Health & Metrics
Monitor daemon health and track usage metrics.
Health & Metrics
Whisp provides commands to monitor daemon health and track usage statistics.
Health Check
Get a quick overview of daemon status:
whisp healthOutput:
Daemon Health
─────────────
Version: 0.5.0
Uptime: 2d 4h 32m 15s
Provider: openai
Requests: 1,247
Errors: 12
Active: 1 connection
Memory: 24.5 MB
Last Request: 3s agoHealth Fields
| Field | Description |
|---|---|
| Version | Daemon version |
| Uptime | Time since daemon started |
| Provider | Current AI provider |
| Requests | Total requests handled |
| Errors | Failed requests |
| Active | Current concurrent connections |
| Memory | Memory usage (Linux only) |
| Last Request | Time since last activity |
Using Health for Troubleshooting
# Check if daemon is responsive
whisp health
# High error count? Check logs
whisp health | grep Errors
# Memory growing?
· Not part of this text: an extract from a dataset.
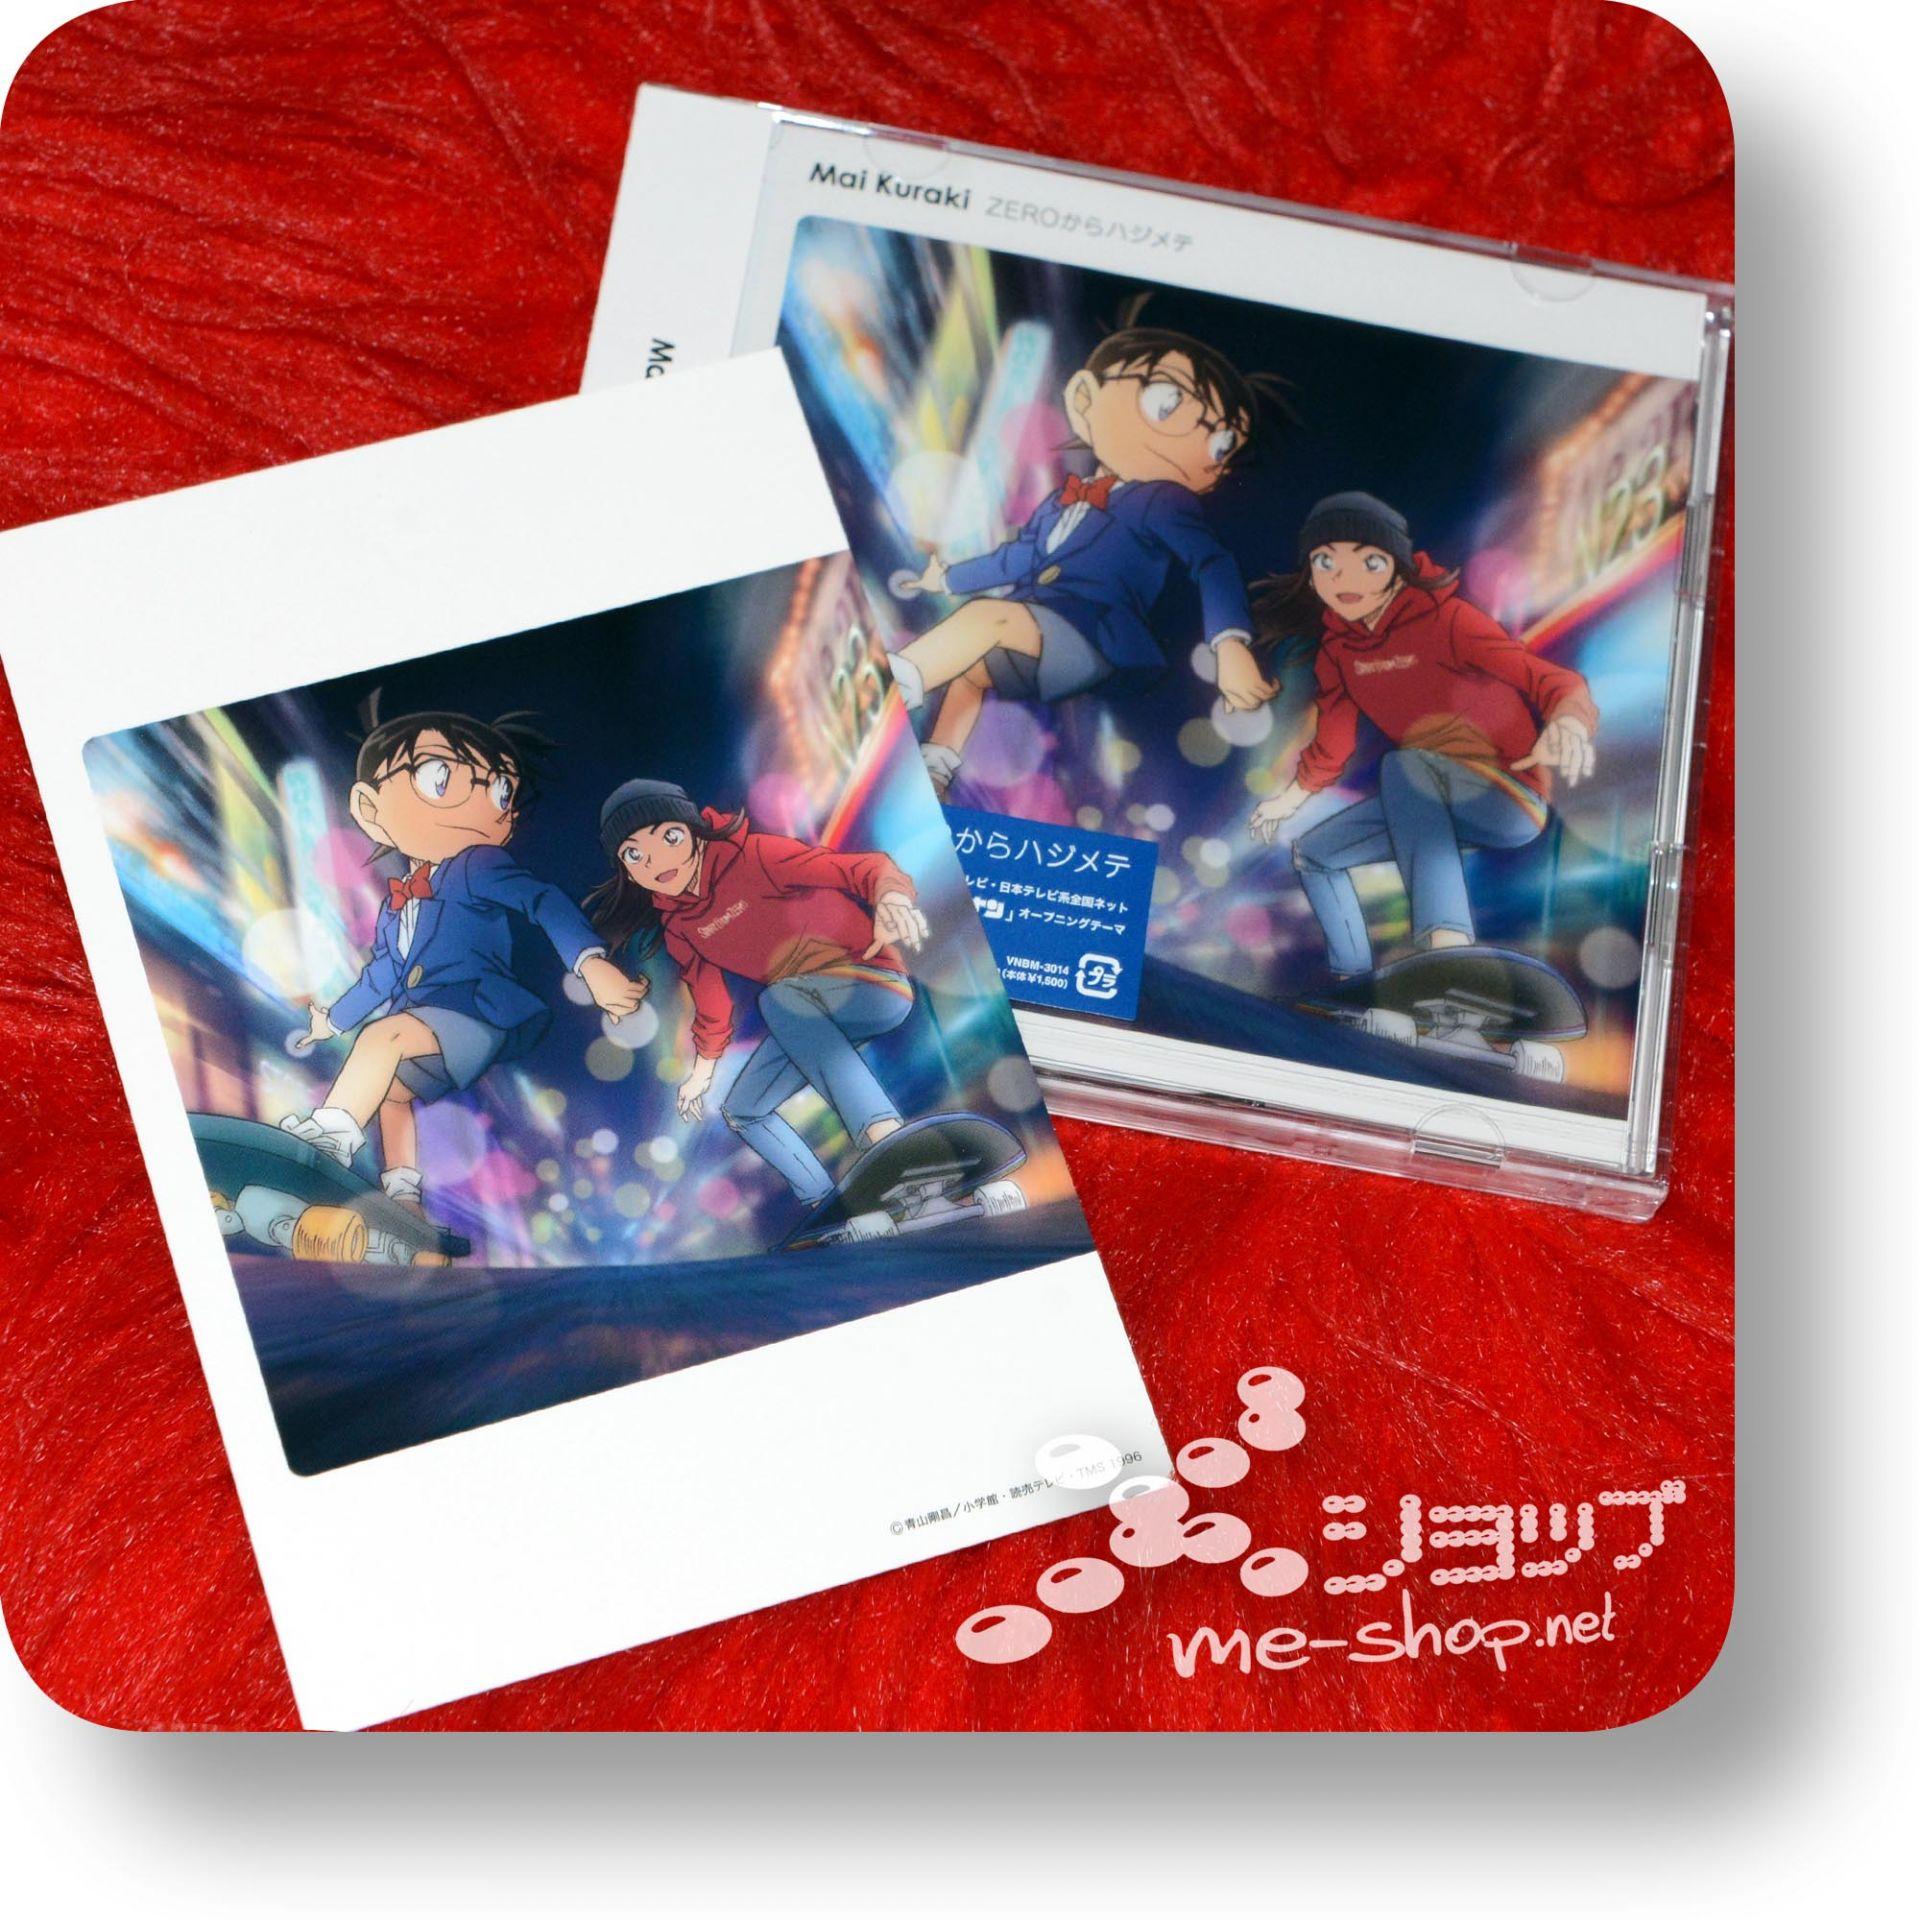 mai kuraki zero kara dvd+cd anime+bonus

Consider restart
whisp restartDetailed Metrics
Get comprehensive usage statistics:
whisp metricsOutput:
Whisp Metrics (last week)
─────────────────────────
Performance
Average response: 245ms
P50 response: 180ms
P95 response: 520ms
P99 response: 890ms
Requests/hour: 12.4
Token Usage
Input tokens: 45.2K
Output tokens: 23.1K
Total tokens: 68.3K
Requests by Type
query: 842
explain: 156
error: 89
chat: 72
dryrun: 45
pipe: 34Metrics Fields
Performance:
| Metric | Description |
|---|---|
| Average response | Mean response time |
| P50/P95/P99 | Percentile response times |
| Requests/hour | Request rate |
Token Usage:
| Metric | Description |
|---|---|
| Input tokens | Tokens sent to AI |
| Output tokens | Tokens received from AI |
| Total tokens | Combined usage |
Request Types:
| Type | Description |
|---|---|
| query | Natural language command generation |
| explain | Command explanations (,. cmd) |
| error | Error recovery suggestions |
| chat | Interactive chat messages |
| dryrun | Dry-run analysis (,d cmd) |
| pipe | Piped input processing |
Time Period Filter
Filter metrics by time period:
# Today only
whisp metrics --period day
# Last 7 days (default)
whisp metrics --period week
# Last 30 days
whisp metrics --period month
# All time
whisp metrics --period allJSON Output
Get metrics as JSON for scripts or monitoring:
whisp metrics --json{
"uptime_secs": 186735,
"avg_response_ms": 245,
"p50_response_ms": 180,
"p95_response_ms": 520,
"p99_response_ms": 890,
"requests_per_hour": 12.4,
"total_input_tokens": 45234,
"total_output_tokens": 23156,
"request_type_counts": {
"query": 842,
"explain": 156,
"error": 89,
"chat": 72,
"dryrun": 45,
"pipe": 34
}
}Diagnostic Check
Run comprehensive diagnostics:
whisp doctorOutput:
Whisp Diagnostic Check
──────────────────────
✓ Daemon is running (PID 12345)
✓ Socket exists at /tmp/whisp.sock
✓ Socket is responsive
✓ Configuration is valid
✓ Config file permissions OK (600)
✓ API key configured for openai
✓ Python3 available
✓ netcat (nc) available
All checks passed!Checks Performed
| Check | Description |
|---|---|
| Daemon running | Process exists and PID file valid |
| Socket exists | Unix socket file present |
| Socket responsive | Can communicate with daemon |
| Config valid | TOML syntax correct |
| Config permissions | File not world-readable |
| API key | Key configured for active provider |
| Python3 | Required tool available |
| netcat | Required tool available |
When Checks Fail
✗ Daemon is not running
Hint: Run 'whisp start' to start the daemon⚠ Config file permissions too open (644)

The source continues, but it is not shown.